Two, the local execution

1. Execute wordcount

Go to the bin directory of the spark file directory, create an input directory, create an inputword text file, write some data in the input directory, and run the spark-shell command

As you can see, the result is already displayed, counting the number of occurrences of each word.

2. Official examples

Note: This is done by command submission using jar packages

Go to the bin directory of the spark file directory and run the following command

spark-submit --class org.apache.spark.examples.SparkPi --master local[2] .. / examples/jars/spark - examples_2. 12-3.0.0. Jar 10Copy the code

Results:

3. Run the Spark program in IDEA

The above are all implemented through spark console terminal, but we usually use professional IDE for development, the mainstream is the idea software, next to demonstrate how to use IDEA to develop spark program, we still develop a simple WordCount program to demonstrate.
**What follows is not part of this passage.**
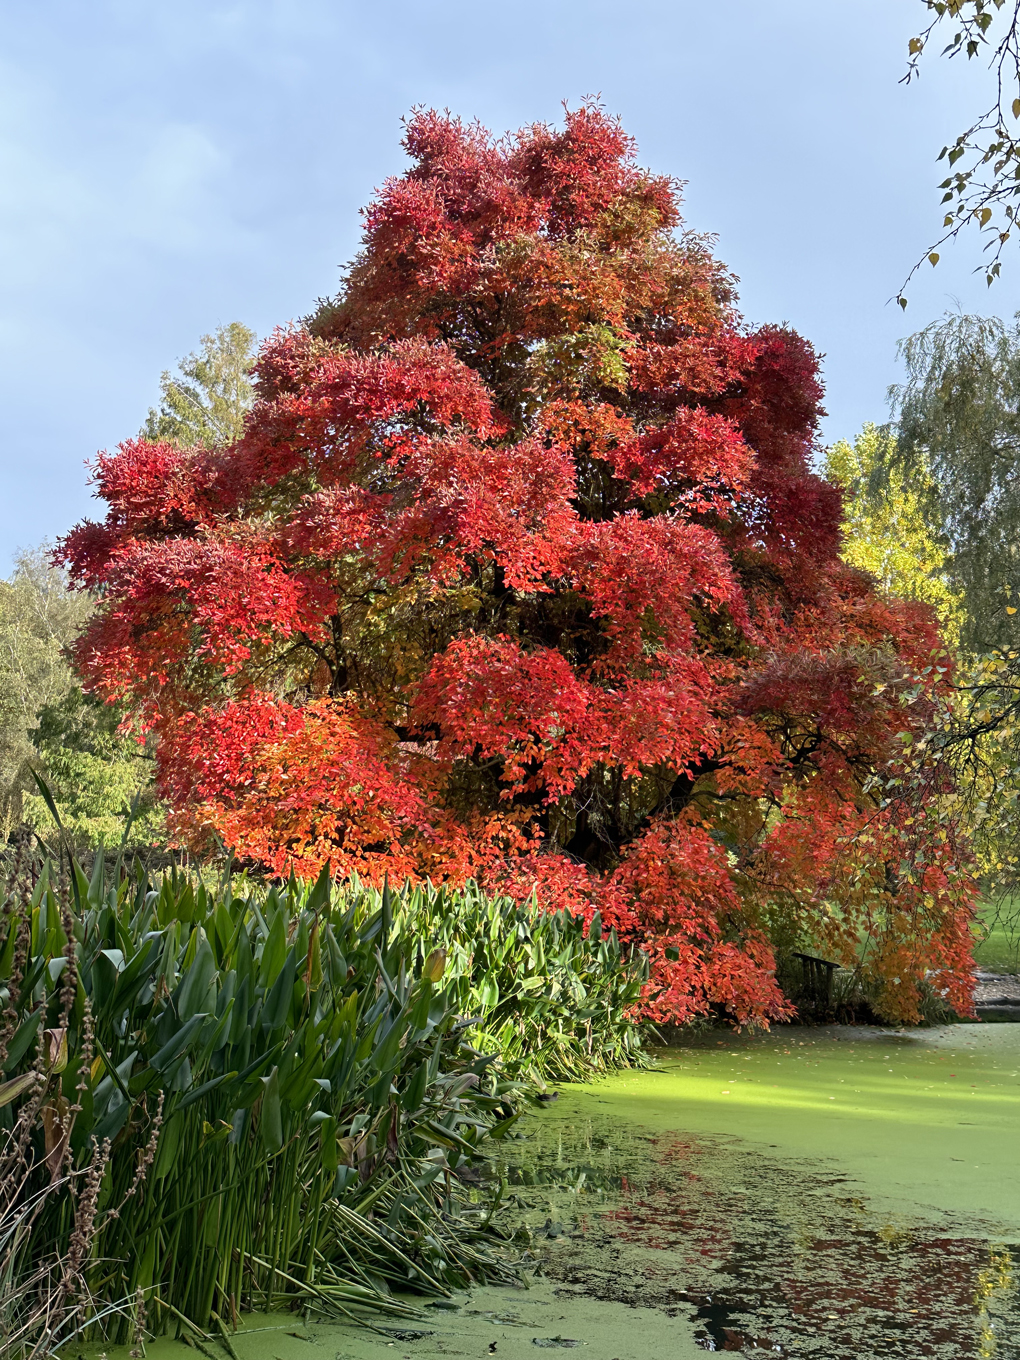 We see a striking red autumn tree in Richmond Park South West London

3.1 Idea project creation and configuration

  • To create a regular Maven project, click Next

Then edit the project information

  • Build the module

For the convenience of managing the code later, we build modules to complete the classification

First delete the default SRC directory and then new->Module. Then, as above, select Maven and fill in the information

  • Add the scala SDK

File->Project Structure ->Global Libraries, click the “+” icon at the top to install Scala locally

  • Adding framework support

Right click on the project ->Add FrameworkSupport->Scala. If the Scala SDK is already imported, it will display the Scala JDK you just configured

3.2. Develop spark

package com.dongci777.bigdata.spark.core.wc

import org.apache.spark.{SparkConf.SparkContext}

/** * @author: ZXB * @date: 2020/12/20 1:45 am */
object WordCount3 {
  def main(args: Array[String) :Unit = {
    val conf = new SparkConf().setMaster("local").setAppName("WordCount")
    val sc = new SparkContext(conf)
    sc.setLogLevel("WARN")
    val lines = sc.textFile("datas/wordcount")
    val words = lines.flatMap(_.split(""))
    val wordToOne = words.map(word => (word, 1))
    val wordCount = wordToOne.reduceByKey(_ + _)
    val array = wordCount.collect()
    array.foreach(println)
  }
}

Copy the code

Before writing the code and running the program, let’s configure the log4j.properties file so that we can view the results and prevent unnecessary log printing

  • Log4j configuration properties

Create a new file under the resource directory called log4j.properties and edit the file as follows:

log4j.rootCategory=ERROR, console log4j.appender.console=org.apache.log4j.ConsoleAppender log4j.appender.console.target=System.err log4j.appender.console.layout=org.apache.log4j.PatternLayout log4j.appender.console.layout.ConversionPattern=%d{yy/MM/dd  HH:mm:ss} %p %c{1}: %m%n# Set the default spark-shell log level to ERROR. When running the spark-shell,
the
# log level for this class is used to overwrite the root logger's log level, so
that
# the user can have different defaults for the shell and regular Spark apps.
log4j.logger.org.apache.spark.repl.Main=ERROR
# Settings to quiet third party logs that are too verbose
log4j.logger.org.spark_project.jetty=ERROR
log4j.logger.org.spark_project.jetty.util.component.AbstractLifeCycle=ERROR
log4j.logger.org.apache.spark.repl.SparkIMain$exprTyper=ERROR
log4j.logger.org.apache.spark.repl.SparkILoop$SparkILoopInterpreter=ERROR
log4j.logger.org.apache.parquet=ERROR
log4j.logger.parquet=ERROR
# SPARK-9183: Settings to avoid annoying messages when looking up nonexistent
UDFs in SparkSQL with Hive support
log4j.logger.org.apache.hadoop.hive.metastore.RetryingHMSHandler=FATAL
log4j.logger.org.apache.hadoop.hive.ql.exec.FunctionRegistry=ERROR
Copy the code

Then run the program and see the output:

If the result is printed, the Spark program executes successfully!